Her eyes unfocused, she thought back to that day over six months before when they had met near the harbour. Correction: when she had engineered the meeting. Although, as in all things, fate had played its part. Had, on that one occasion, played into her hands. And if he found out? No, she thought with a little shudder, he must never find out. He would never understand obsession.
CHAPTER TWO
THERE had been grey skies, a fine drizzle, the day Melly had arrived in France. The overnight ferry had been crowded and she had been glad to reach the relative freedom of the roads. The drive to the Hotel du Golf in Deauville had been without incident, and after unpacking she had wasted no time in gaining directions to the Military Cemetery from the desk clerk. First things first. Set up the alibi.
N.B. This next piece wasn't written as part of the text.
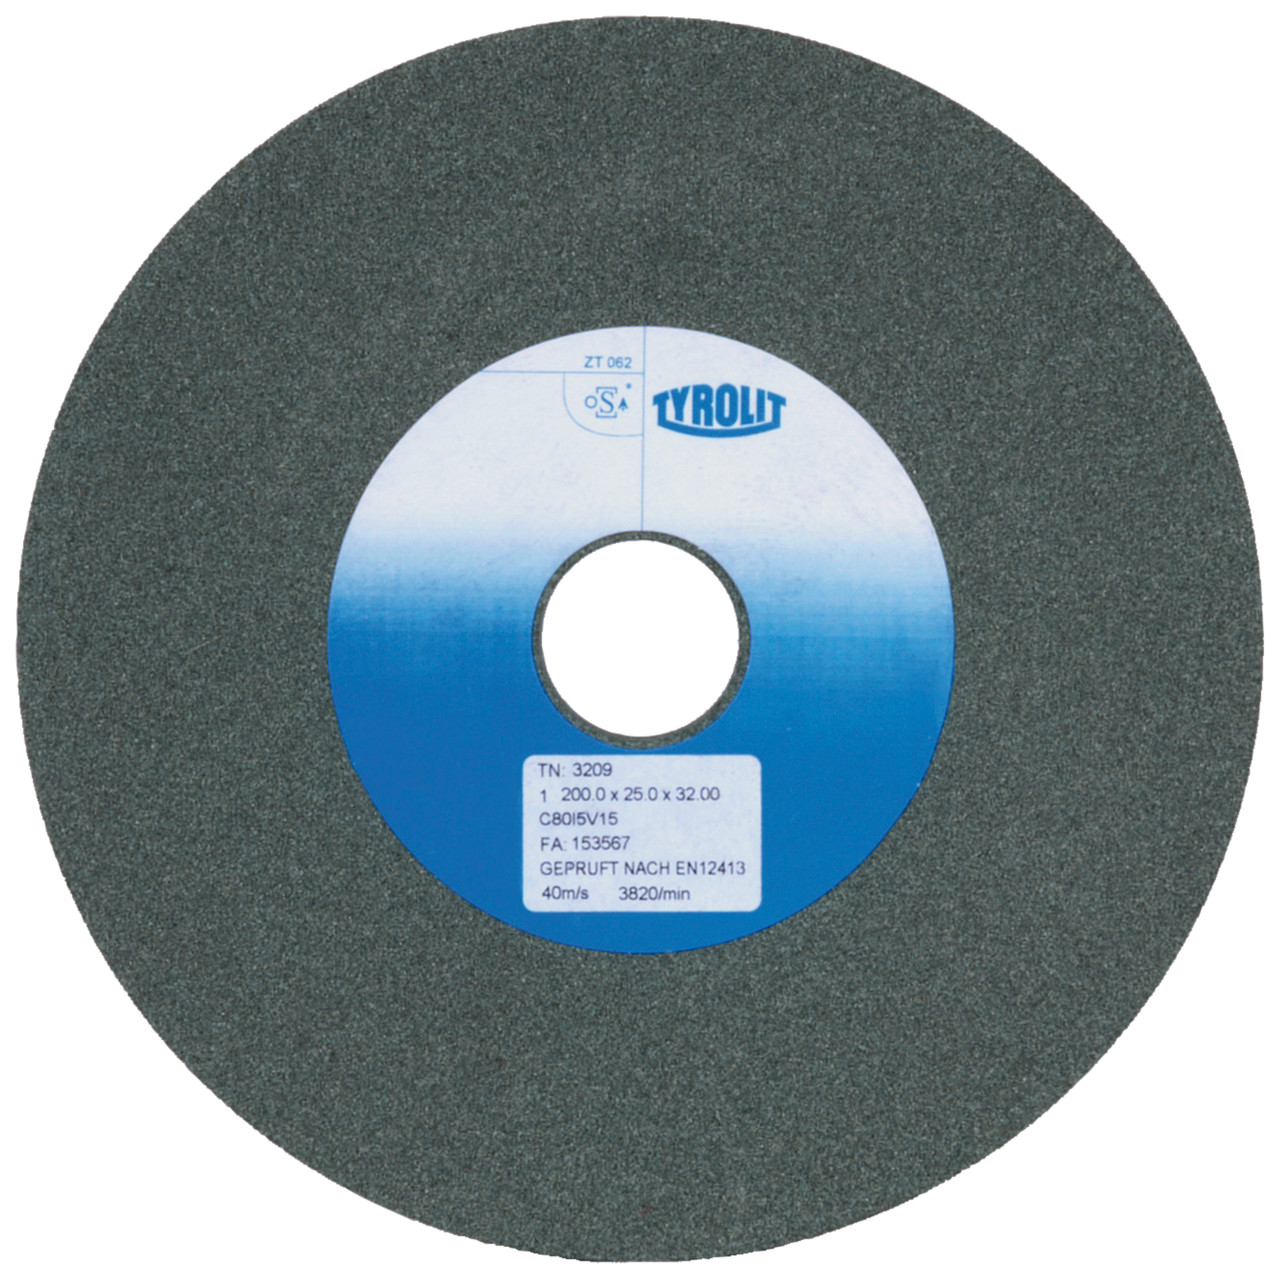 TYROLIT discos abrasivos cerámicos convencionales DxDxH 125x20x32 Para metal duro y fundición, forma: 1, Art. 2529
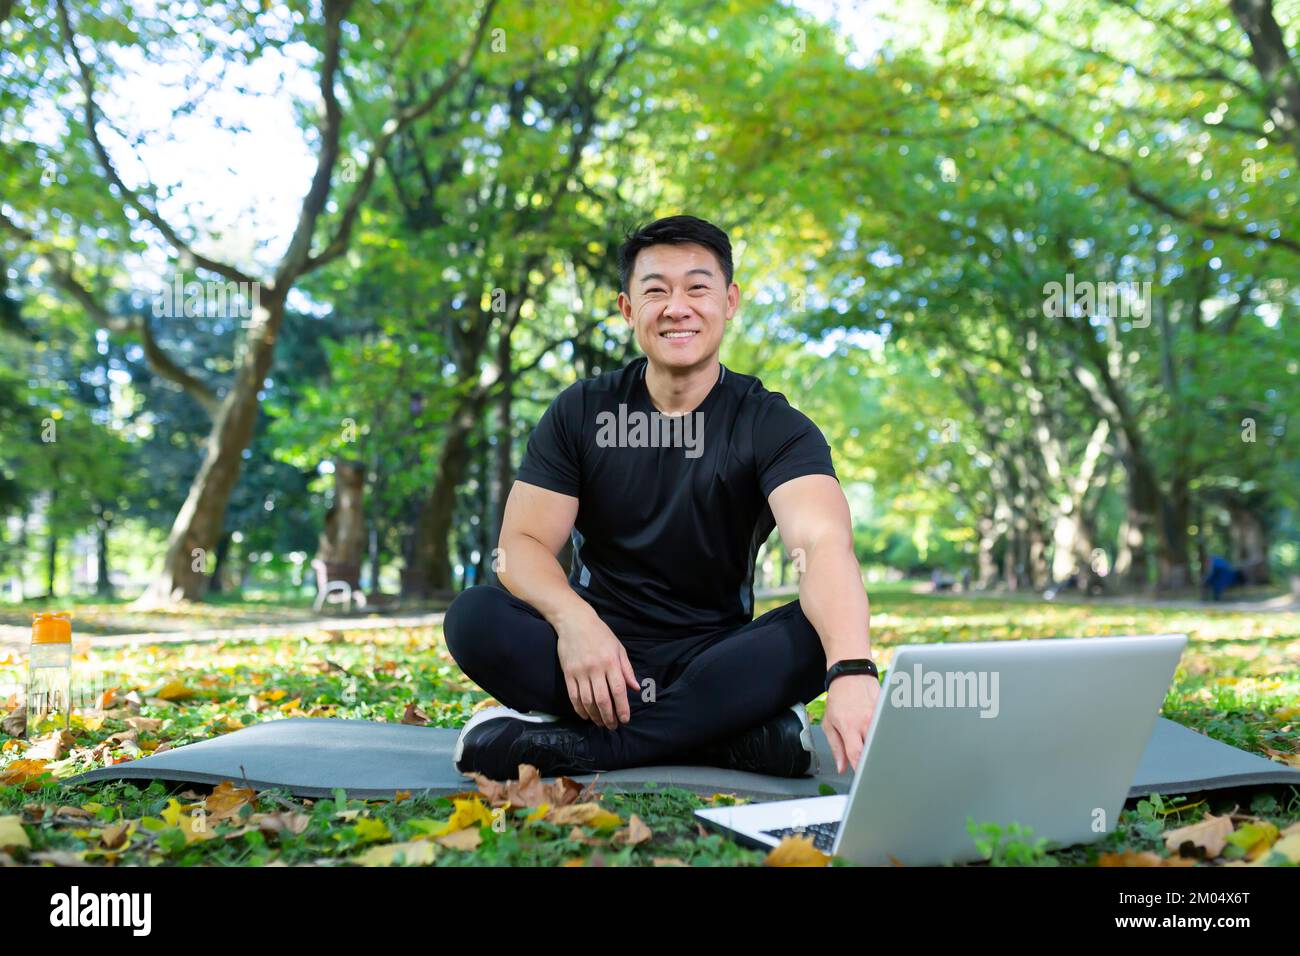 Formation en ligne. Beau homme asiatique, entraîneur sportif assis sur un tapis dans le parc avec un ordinateur portable et conduit l'entraînement à distance avec une caméra vidéo. Il regarde la caméra, sourit. Banque D'Images

It was only a five-minute drive from the hotel. A winding road, empty of traffic, then along a small unmarked track, tucked away behind some trees. Isolated. Forgotten? No, not forgotten. All the war graves had been carefully tended. The grass cut.
Shrugging into her slicker, pulling the hood over her dark hair, she climbed from the car. A fitting day for visiting a grave, she thought, with the heavens crying, and guilt was her companion that day, because grandfather’s grave was only an excuse. Her father had drawn her a little map, which she had memorised, and, with that in mind, she walked straight to his grave.
Huddling more warmly into her slicker, she gazed before her. Yet, even with her eyes on the grey stone cross, she saw only Charles. Or, said the French way, ‘Sharle’. With a small smile, she savoured the name on her tongue. Sharle. No, not here, now; that was a betrayal of them all.
Focusing once more on the memorial stone, she conjured up an image of her grandfather. A face seen only in photographs. A black and white image of a young man that bore a striking resemblance to herself. Mid-brown curly hair, amber eyes with the same wistful expression. And he deserved far more of her attention than she was giving him. He had died for king and country, died so that future generations could be free, and here she was, over forty years later, giving him barely one tenth of her attention.
Captain David Morland. Aged thirty-two. Liberator.